#### INSTRUCTIONS TO FOLLOW:
Restate the listing below word for word; no pictures belong in the copy.

#### SUPPLIED INFORMATION:

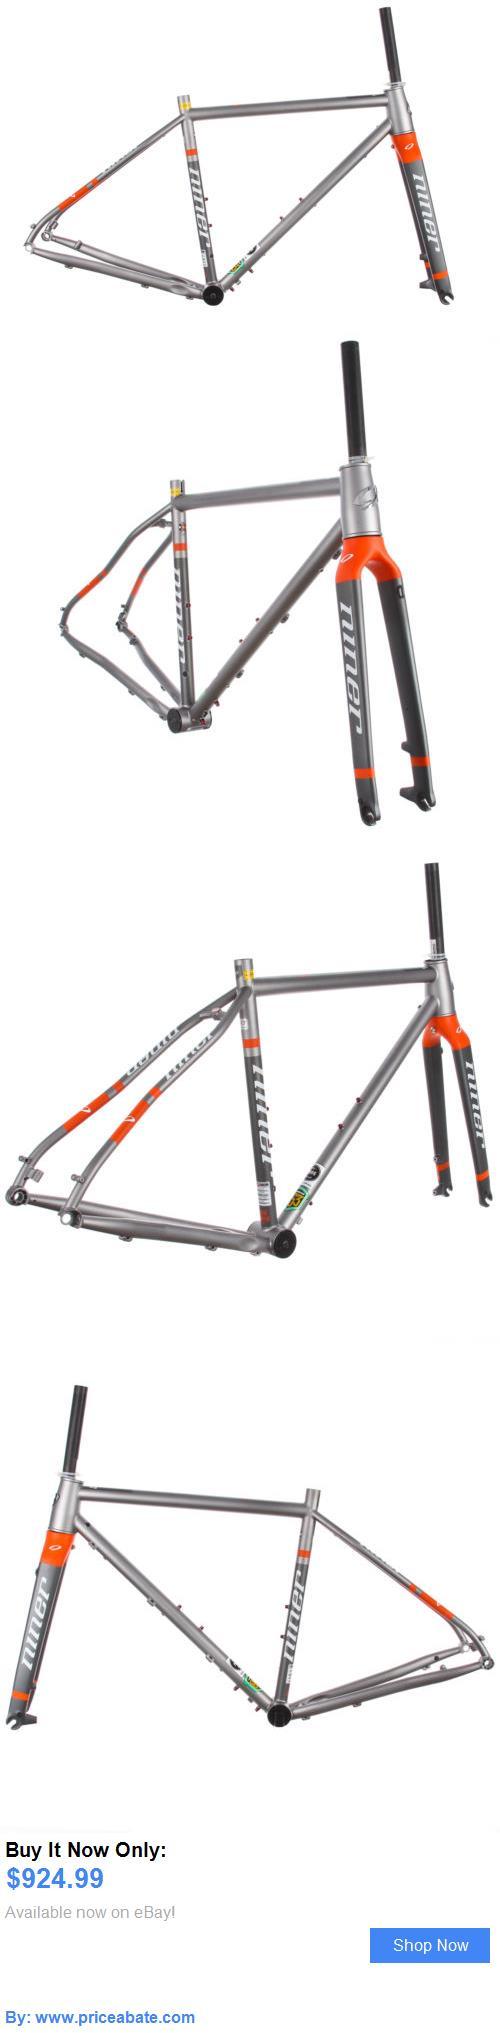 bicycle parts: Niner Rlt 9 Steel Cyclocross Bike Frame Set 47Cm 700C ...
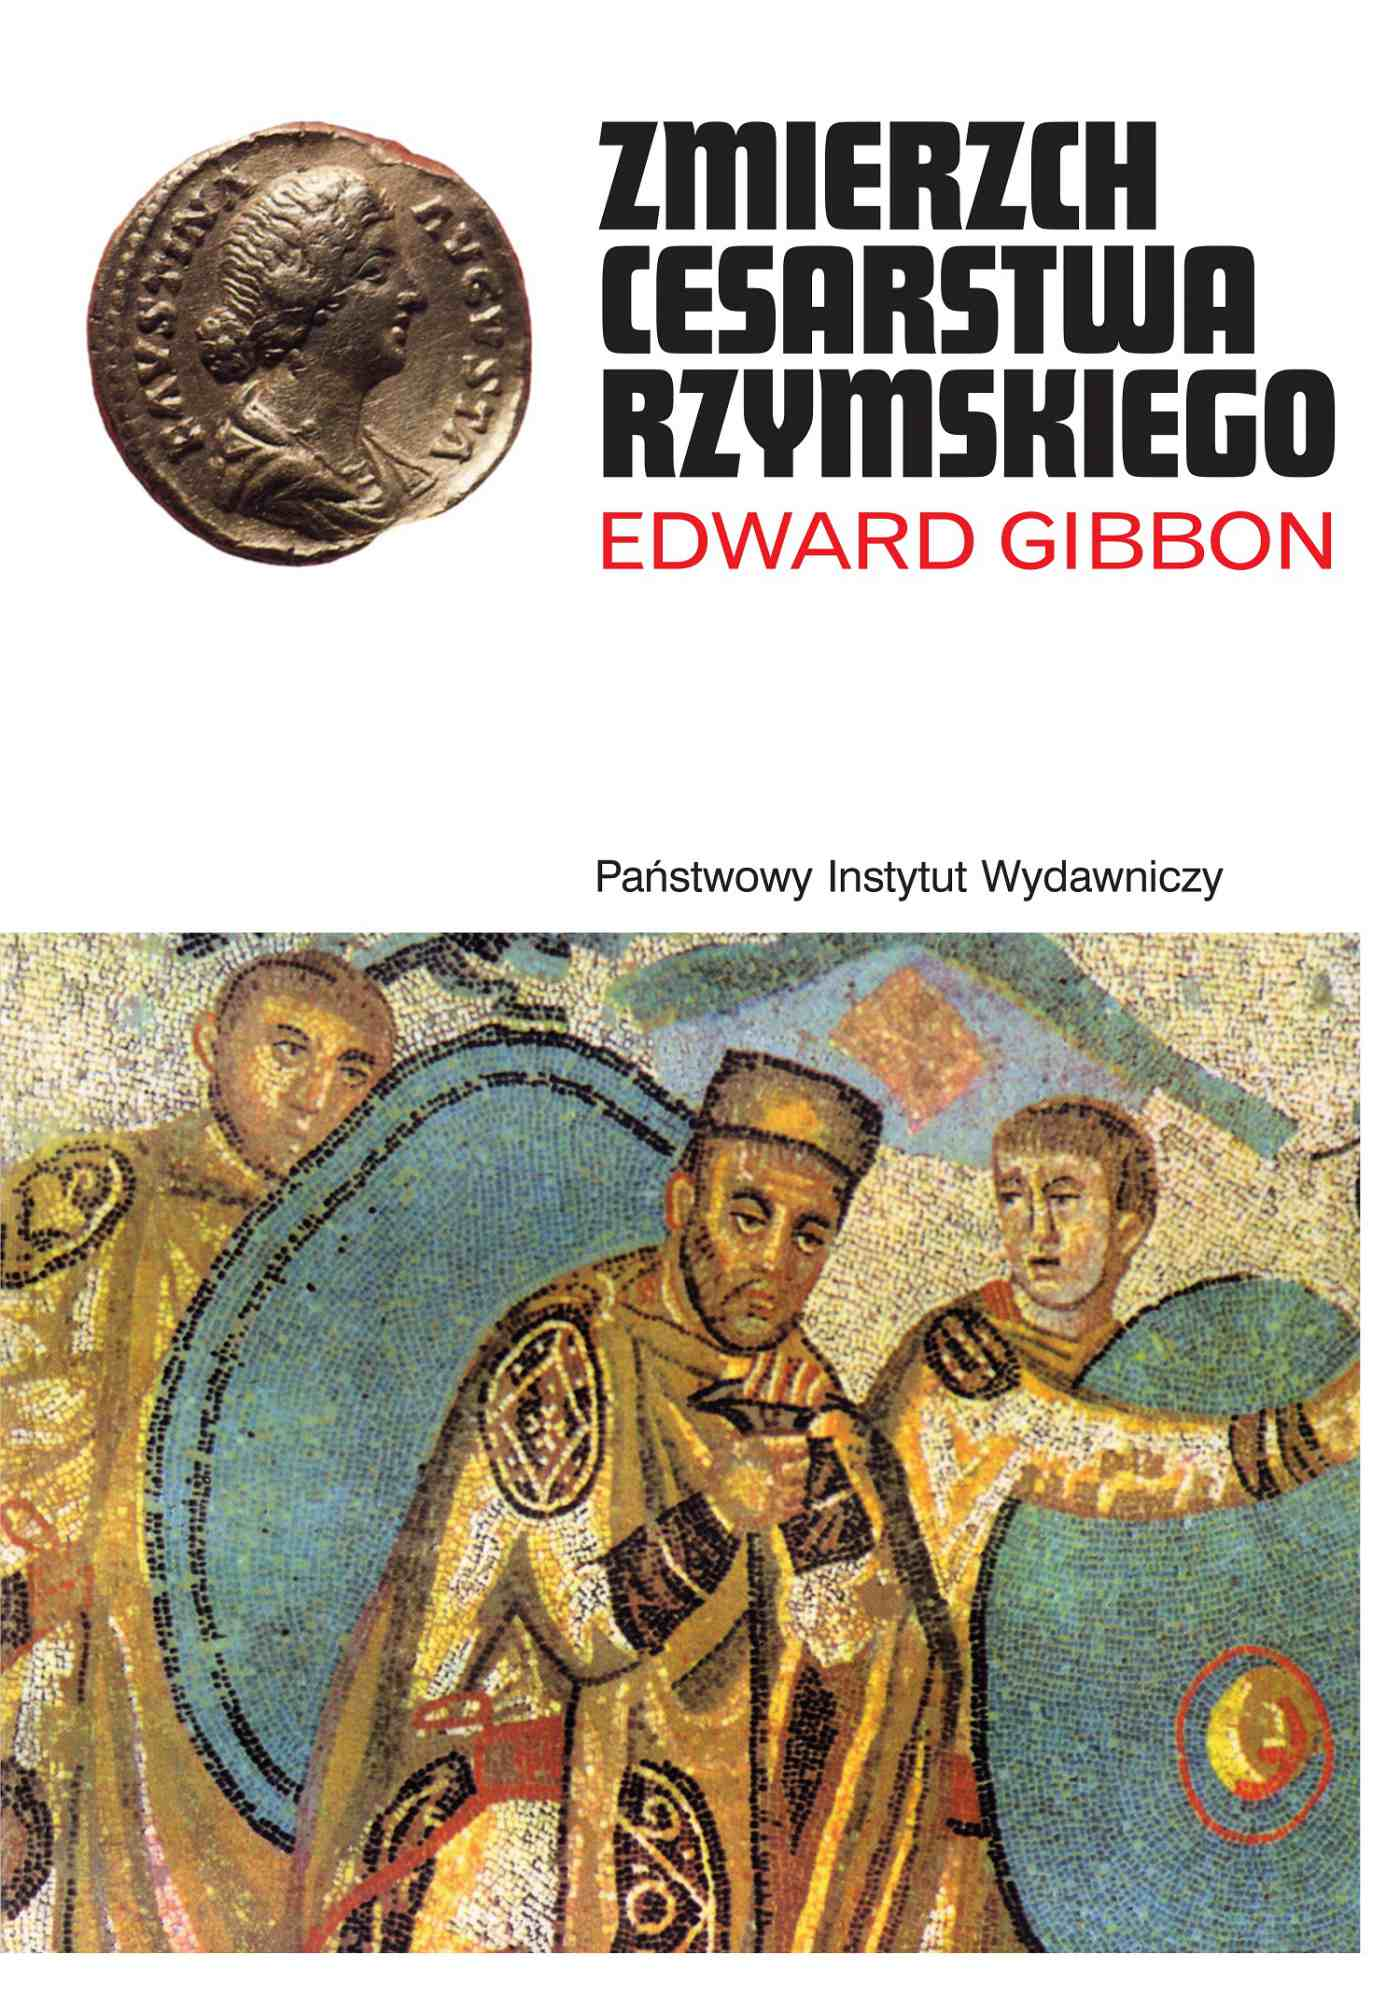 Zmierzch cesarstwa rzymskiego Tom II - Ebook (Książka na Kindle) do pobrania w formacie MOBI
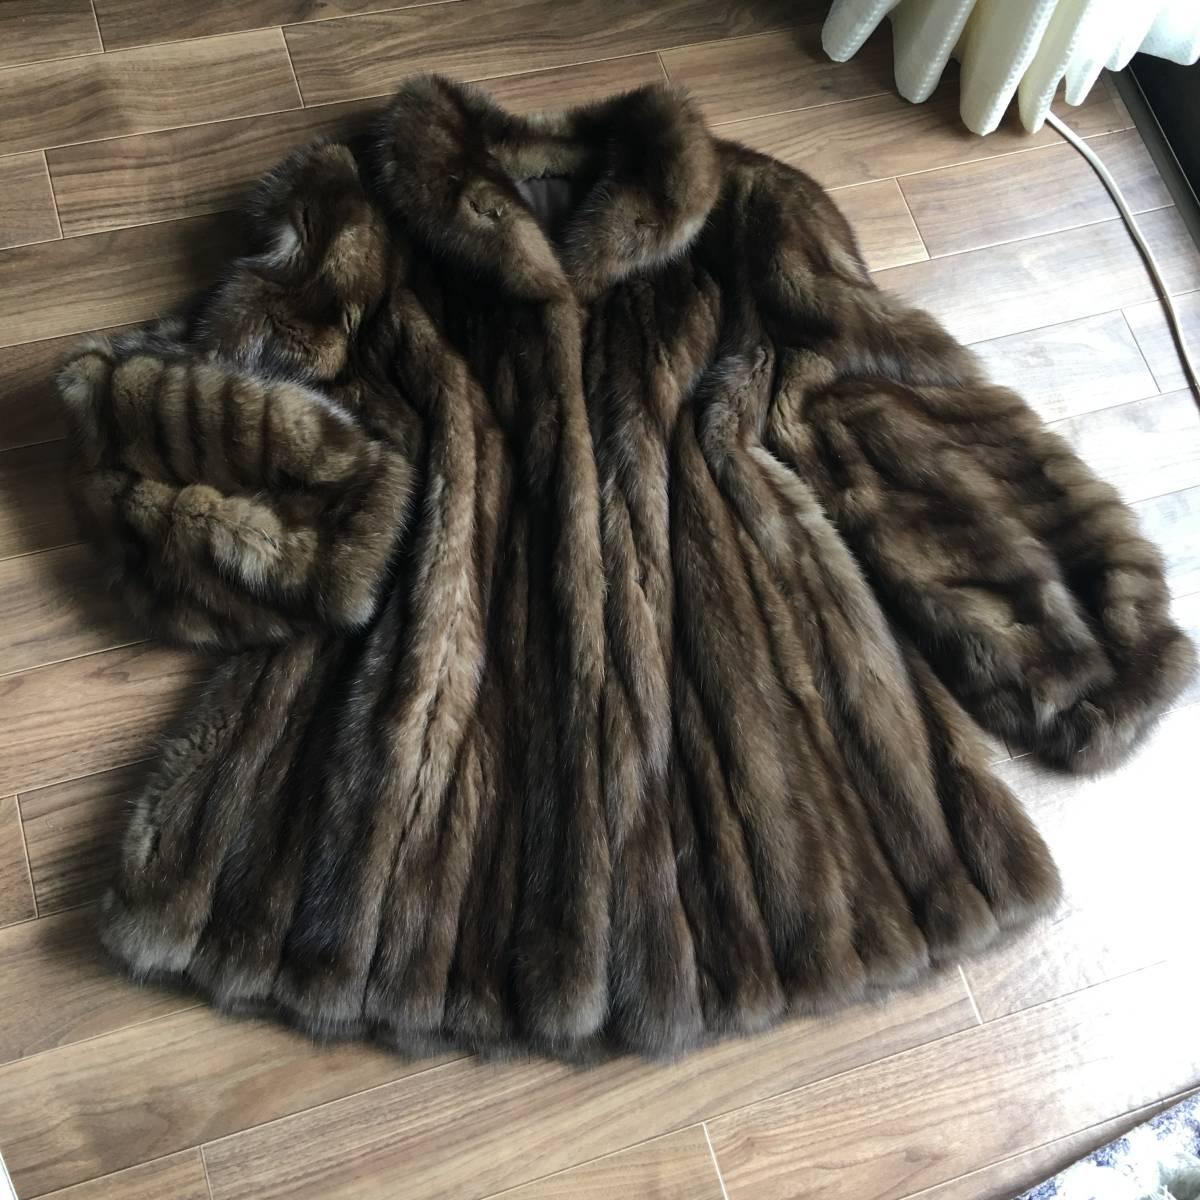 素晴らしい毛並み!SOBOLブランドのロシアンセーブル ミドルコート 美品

#### OUTPUT OF THE TASK:
 bicycle parts: Niner Rlt 9 Steel Cyclocross Bike Frame Set 47Cm 700C ...
 Zmierzch cesarstwa rzymskiego Tom II - Ebook (Książka na Kindle) do pobrania w formacie MOBI
 素晴らしい毛並み!SOBOLブランドのロシアンセーブル ミドルコート 美品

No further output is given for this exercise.